In May 2015, the Jerusalem District Court sentenced Olmert to eight months in prison following his conviction in the Talansky Affair retrial, one of three affairs he was accused of in the Jerusalem corruption trial.

The Talansky Affair consisted of Olmert illegally receiving, using and concealing at least $153,950 (out of an alleged $600,000) funds in envelopes from New York businessman Morris Talansky from 1993 and 2002, with the case itself dating back to 2008.

Olmert already became the first prime minister in the country’s history to be locked behind bars after the Supreme Court sentenced him to 18 months (down from six years at the District Court level) in prison for bribery in the Tel Aviv District Court Holyland real estate trial.

He was also sentenced to an additional month of prison as part of a plea bargain in the Shula Zaken tapes saga in which he tried to obstruct the various cases against him along with Zaken, his former top aide.
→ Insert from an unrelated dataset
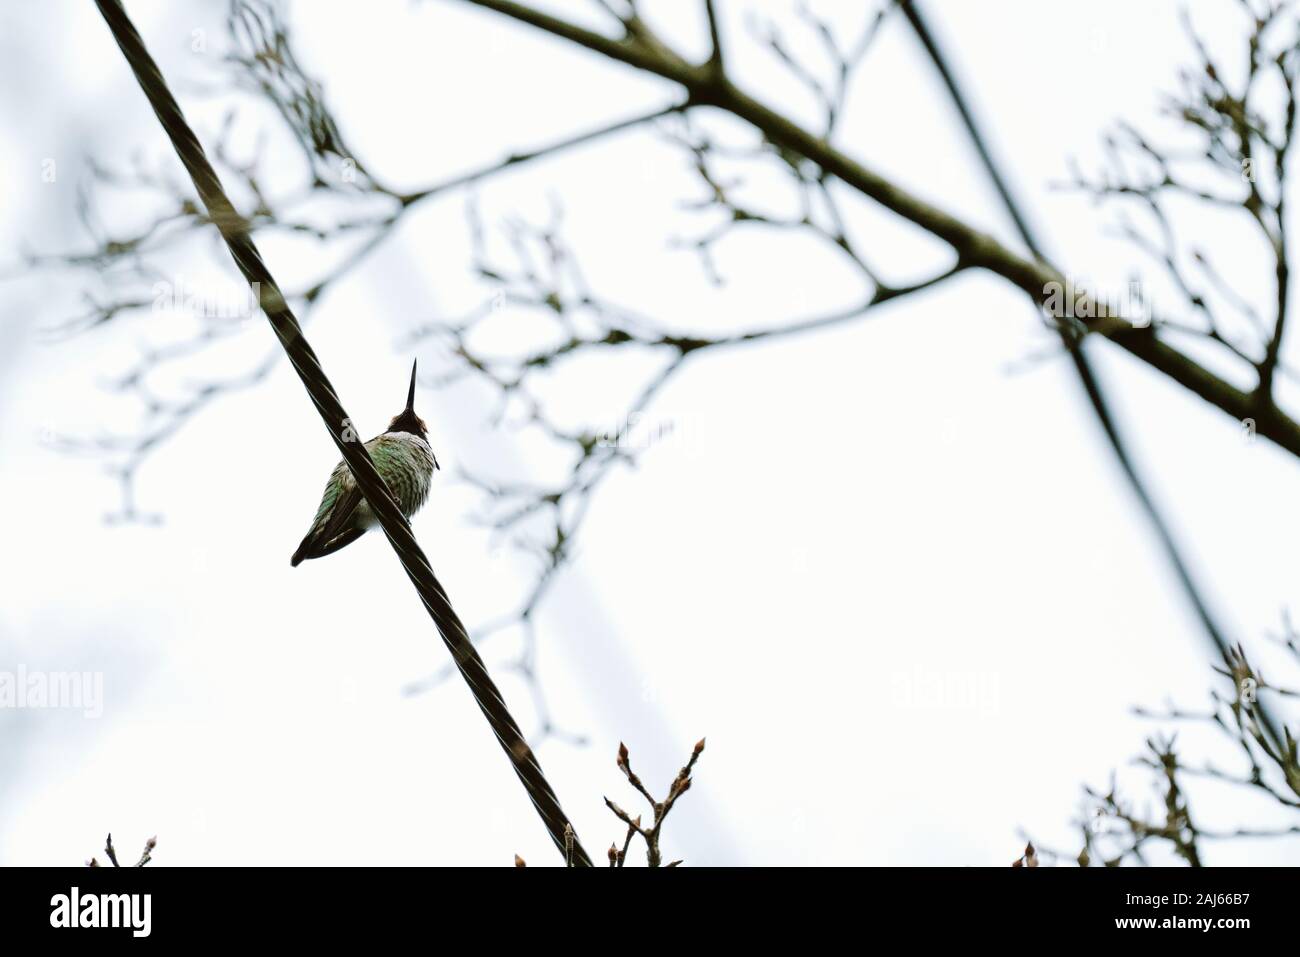 View from below of an Anna's Hummingbird sitting on a wire Stock Photo

There is even a very outside shot that on top of the 19 months and 8 months that another 6 months could be added on for an earlier July 2012 conviction in the Investment Affair. But that is highly unlikely as he was already given community service for that conviction and the Supreme Court justices did not appear excited by the idea at oral arguments.

In July 2012, the Jerusalem District Court acquitted Olmert in the original trial of the Talansky Affair and acquitted him in the Rishon Tours Affair, but convicted him in the more minor Investment Affair.

The Rishon Tours Affair allegations had accused Olmert of double-billing organizations for reimbursements for international flights, while the Investment Affair related to the granting of favors in his capacity as a minister to his confidante Uri Messer despite a conflict of interest.

The Talansky Affair retrial came out of the state’s appeal of Olmert’s July 2012 acquittal to the Supreme Court, with the Supreme Court sending the case back to the district court for a retrial in summer 2014.

The Supreme Court’s order for a retrial came after shocking new recordings of Olmert discussing the original trial with Zaken emerged.

Zaken had refused to testify in the first trial, which also excluded a key journal of evidence of hers against Olmert from being presented and did not let on about the existence of the recordings until the appeal to the Supreme Court.

Most have attributed Olmert’s conviction in the retrial to Zaken’s switching sides and turning against Olmert after one of his lawyers called her corrupt and she appeared headed for a long prison sentence in the Holyland case, absent a deal with the state.